Friday, February 15, 2013

Window on Eurasia: Tatar Activists Pledge to Prevent in Naberezhny Chelny a ‘Second Kondopoga’



Paul Goble

            Staunton, February 15 – The Azatlyk Union of Tatar Youth says it will do everything it can to prevent tensions in Naberezhny Chelny from spinning out of control and creating there a “Kondopoga-2,” a reference to the Karelian city where inter-ethnic violence in 2006 disturbed the entire country.

            In a statement, Azatlyk pointed to the appearance of calls for “driving out of Chelny and Tatarstan the non-Russians” after an Uzbek was arrested for the murder of a local Russian girl.  “We want to warn everyone that a Kondopoga-2 will not be allowed to happen” here (nazaccent.ru/content/6804-tatarskie-nacionalisty-kondopogi-v-naberezhnyh-chelnah.html).

            The declaration noted that Uzbeks and Tatars have a common Turkic origin and that in no case does “an entire people bear collective responsibility for the actions of particular criminals.  The ethnic Russian Chikatilo killed tens of people, including children, but are all Russians guilty of that?”

            Moreover, “Ivan Grozny and succeeding [Russian] rulers killed hundreds of thousands of children and the elderly of our people.” What, using “the logic of the skinheads should we do” in response?"

            “We want to remind those who have forgotten that the peoples of Central Asia not so long ago in the years of the war and in the hungry years that followed took in millions of ethnic Russians and Tatars thus saving them from death by starvation. And [it asked] how are their grandchildren, the skinheads, responding to them now?”

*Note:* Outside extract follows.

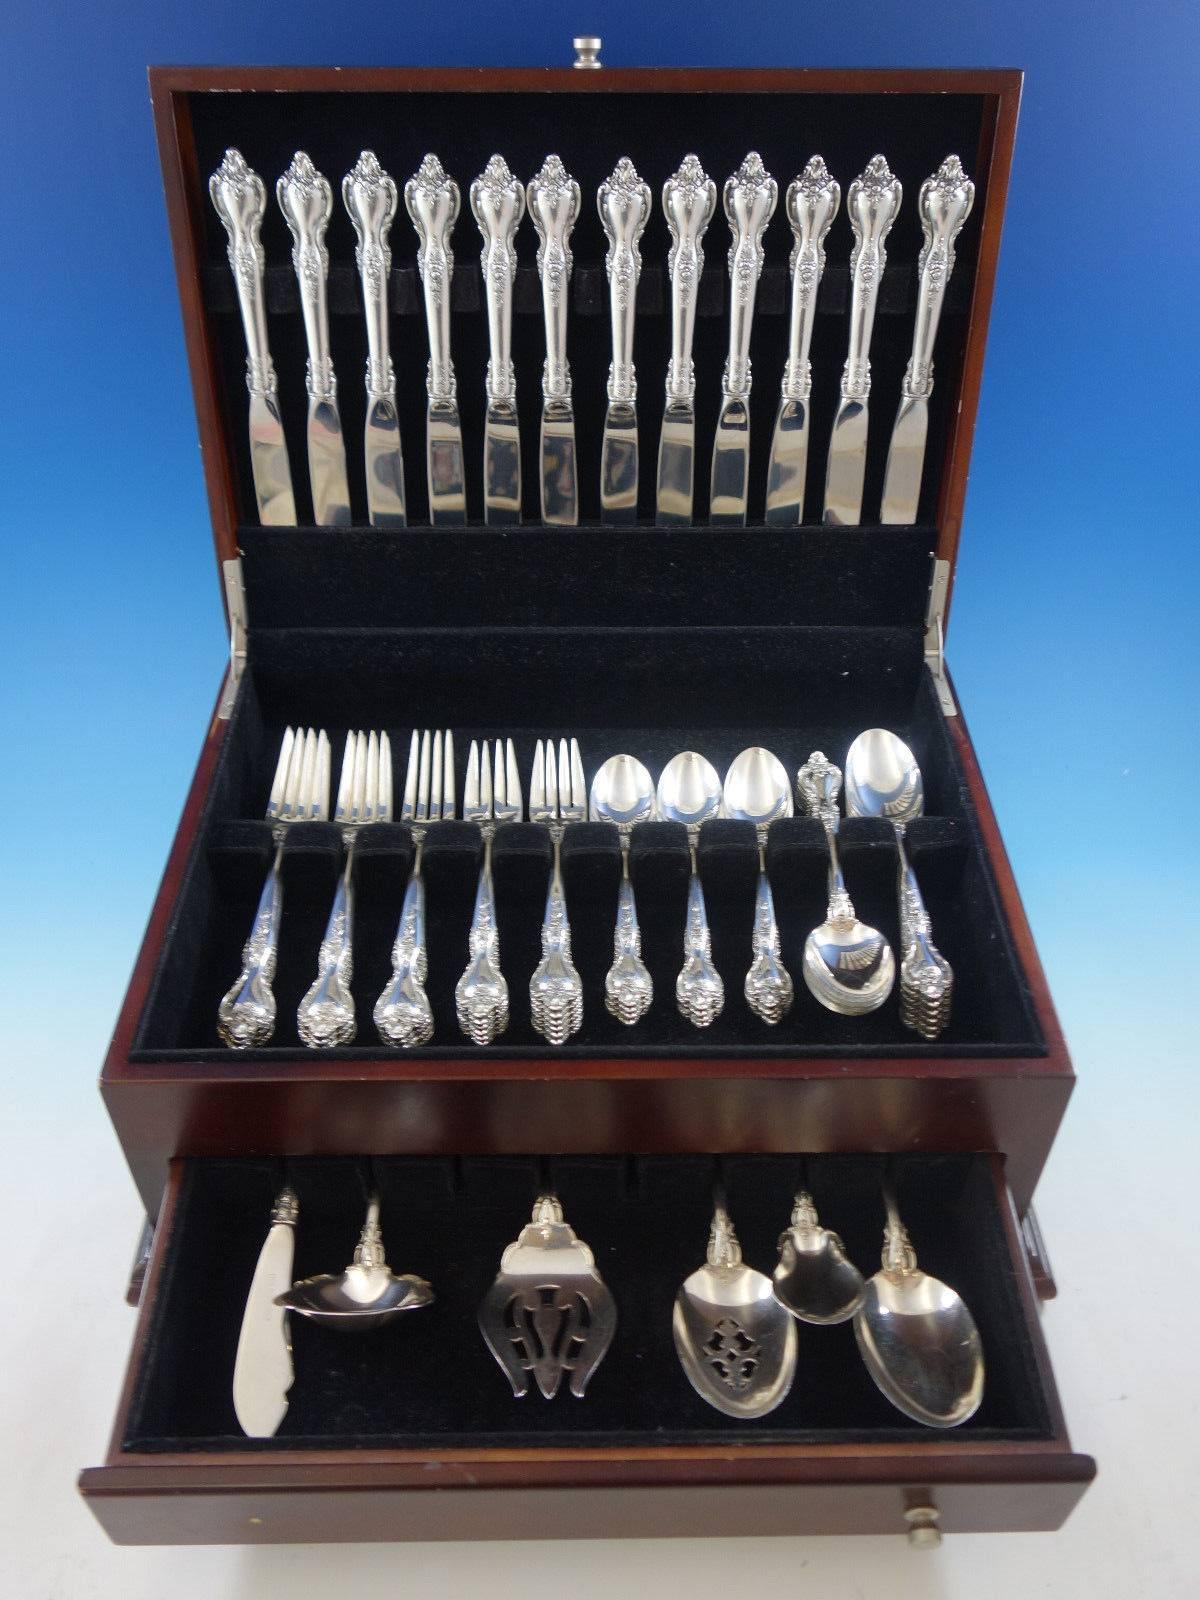 Delacourt by Lunt sterling silver flatware set, 66 pieces. This set includes: 12 knives, 9 1/8

            Tensions in that Middle Volga city have been rising since February 2 when Vasilisa Golitsyna disappeared after school. A 30-year-old Uzbek, Farrukh Tashbayev, who worked in a local advertising agency, was suspected and has confessed. Nonetheless, some skinhead groups have sought to whip up anti-Turkic sentiments with automobile demonstrations and the like.

                In recent months, the Russian media have sought to portray the Turkic republics of the Middle Volga region as sliding into the kind of Islamist violence and chaos that have characterized the North Caucasus.  Azatlyk is obviously worried that this latest tragedy may be exploited by those who want Moscow to intervene and crackdown on their homelands.